Lexis

Lexis: An Optimization Framework for Discovering the Hierarchical Structure of Sequential Data

This is the implementation of the Lexis framework presented in the paper: http://arxiv.org/abs/1602.05561. The final version of the paper is referenced in [1].

Requirements

The code uses a slightly modified (in terms of I/O) version of the suffix library, proposed in [2].
The code uses NetworkX package [3] for graph algorithms.

Installation

Make sure to compile the code in repeats1 directory by simply running make.
Make sure to install NetworkX by running pip install networkx.

Usage

./python Lexis.py [-t (c | i | s) | -p (i) | -q | -r (r | mr | lmr | smr) | -f (c | e) | -m | -l] <filename>
    [-t]: choosing between character sequence, integer sequence or space-separated sequence
        c - character sequence
        i - integer sequence
        s - space-separated sequence
    [-p]: specifies DAG printing option (for debugging purposes)
        i - prints the DAG in integer sequence format
    [-q]: disables logging
    [-r]: repeat type (for normal repeat replacements)
        r - repeat
        mr - maximal repeat (default)
        lmr - largest-maximal repeat
        smr - super-maximal repeat
    [-f]: cost function to be optimized
        c - concatenation cost
        e - edge cost (default)
    [-m]: consider each line of the input file as a separate target string
    [-l]: load a DAG file (will override -r -t -m options)

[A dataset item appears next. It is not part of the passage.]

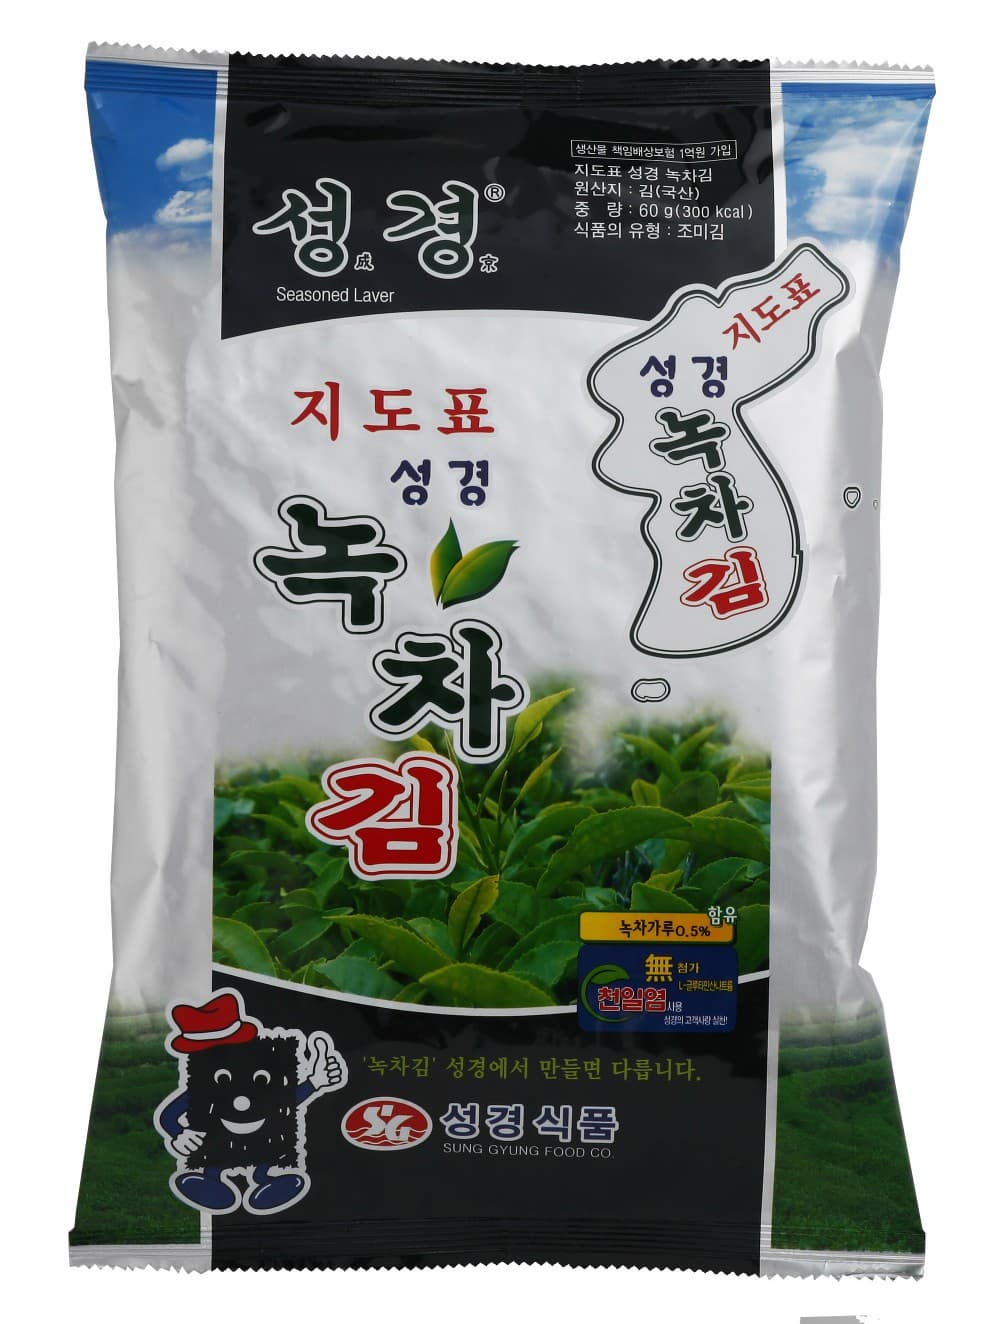 Korean seasoned laver snack Sung Gyung Greentea Laver

The output of the code is the DAG adjacency list (or grammar) form of the generated DAG, plus the detailed log of the code. You can remove the log using -q option.

References

[1] P. Siyari, B. Dilkina, C. Dovrolis. "Lexis: An Optimization Framework for Discovering the Hierarchical Structure of Sequential Data", in 22nd ACM SIGKDD Conference on Knowledge Discovery and Data Mining (KDD), 2016.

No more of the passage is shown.